Delighted by her melodious voice, but still able to exercise critical thinking, I answer Judy’s question: “I don’t remember the song as part of the movie, but if it does ring a bell, it’s because sometimes I’ve heard that voice too. But it’s not intuition; it’s cold feet… It’s favoring thinking with the head and dwelling on past mistakes instead of thinking with the heart, believing in future blessings. THAT is the real intuition. What you mention in the song are fear projections. Thinking with the heart is what we should always do… no matter how many times we felt it was broken. Our heart knows when it’s not mistaken…”

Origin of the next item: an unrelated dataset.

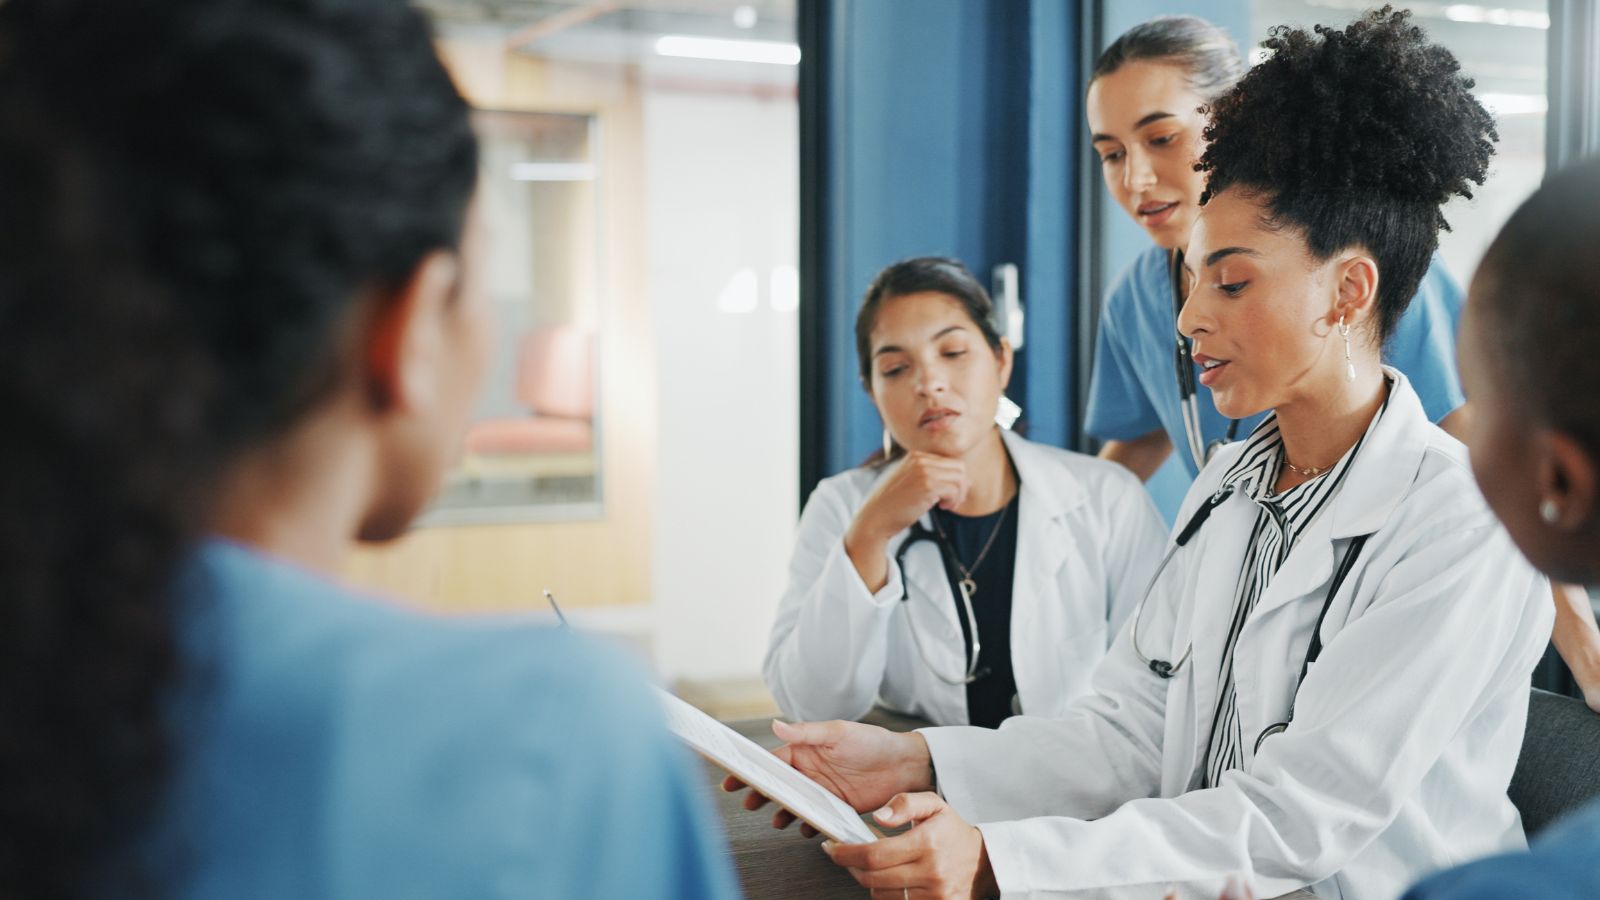 <p>Working alongside doctors, physician assistants provide medical care, conduct exams, and prescribe meds. They're a crucial part of healthcare, often earning high salaries thanks to their advanced training and important role. Plus, this career offers great job security and a deep sense of fulfillment.</p>
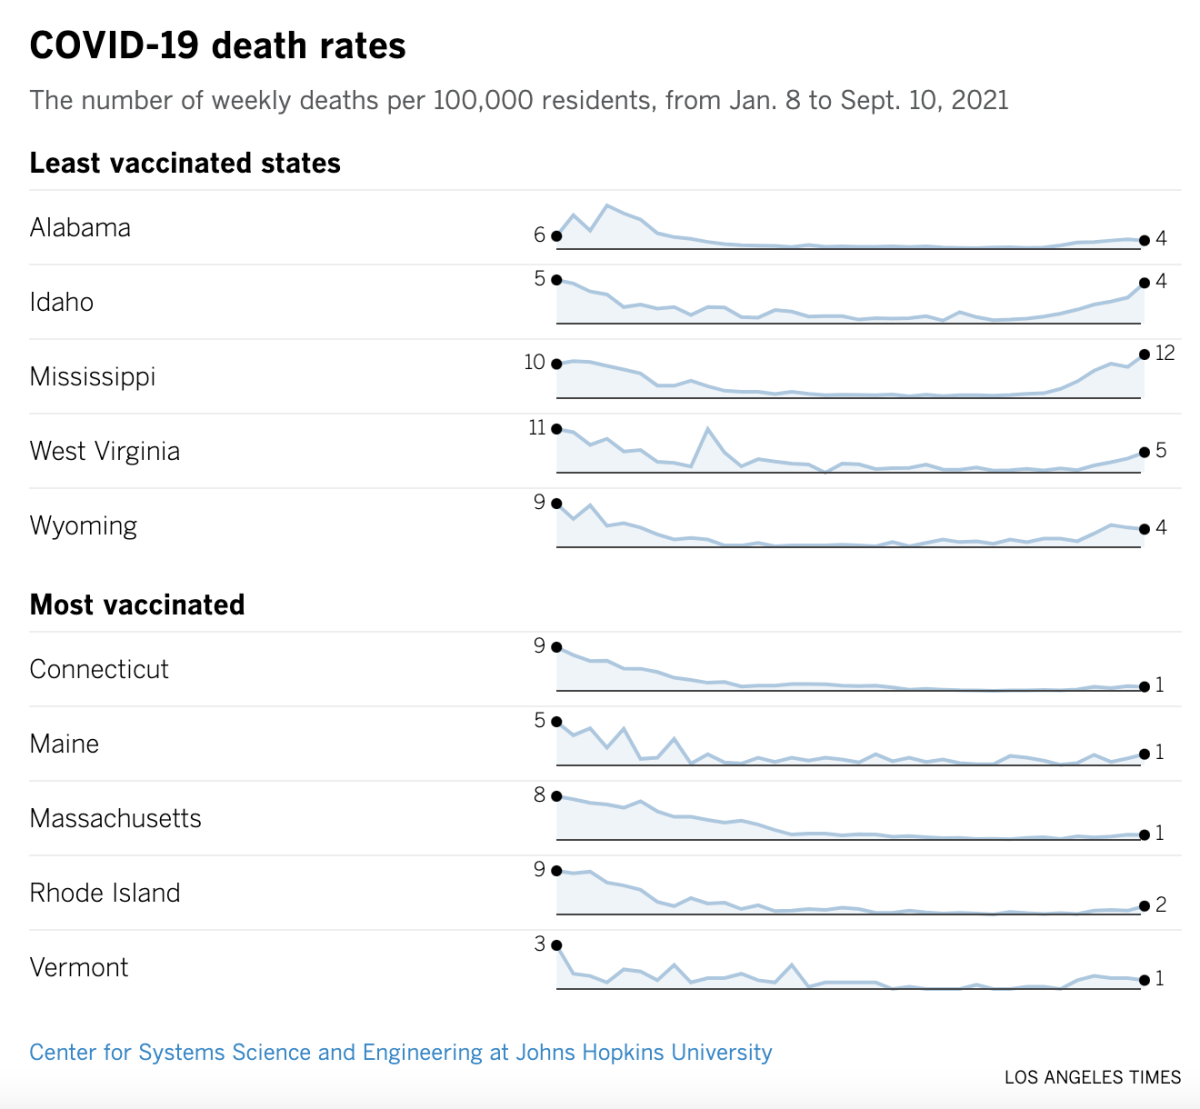 A chart comparing COVID-19 death rates over time in 10 states.

“Yes, I agree…” smiles Judy/Dorothy/Susan…

“However,” I add, “as far as I’m concerned, I also need to fully grasp the interactions between heart and mind, the inner workings of what makes our clock tick, because that’s how I get to go back full circle to myself, honing my storytelling skills in passing… To ride among the clouds one needs a minimum of understanding of weather conditions…”

Judy is now fully embodying Susan when she concludes in rhymes: “May white clouds come sailing to make our wedding gown, and then go trailing to the valley where the evening sun goes down…”

Nathalie, speaking of clouds, come back up here, hurry! We’ve got to fly away, a huge storm is coming!!!!!” Rico ‘whinnycries’ from atop the train roof.

“I guess I’d better go,” I say. “It was delightful meeting you, Judy/ Dorothy / Susan! Thanks for reminding me how to mend the dream of my particular somewhere over the rainbow…”

“Be safe!” she says as I hug her goodbye before climbing back on the roof and hop on Rico’s back. We have to fly above huge, black clouds that are coming our way. It is starting to hail ice stones that hurt like needles falling from the sky. The temperature is dropping significantly, and Rico is having a hard time elevating.

“Caw Caw Caw” calls the raven from above the clouds, assuring us “you can make it, you will make it…” But the wind suddenly shoves the bird’s call away and the dark clouds racing in the sky turn into a tornado threatening with engulfing us in the blink of a twister eye.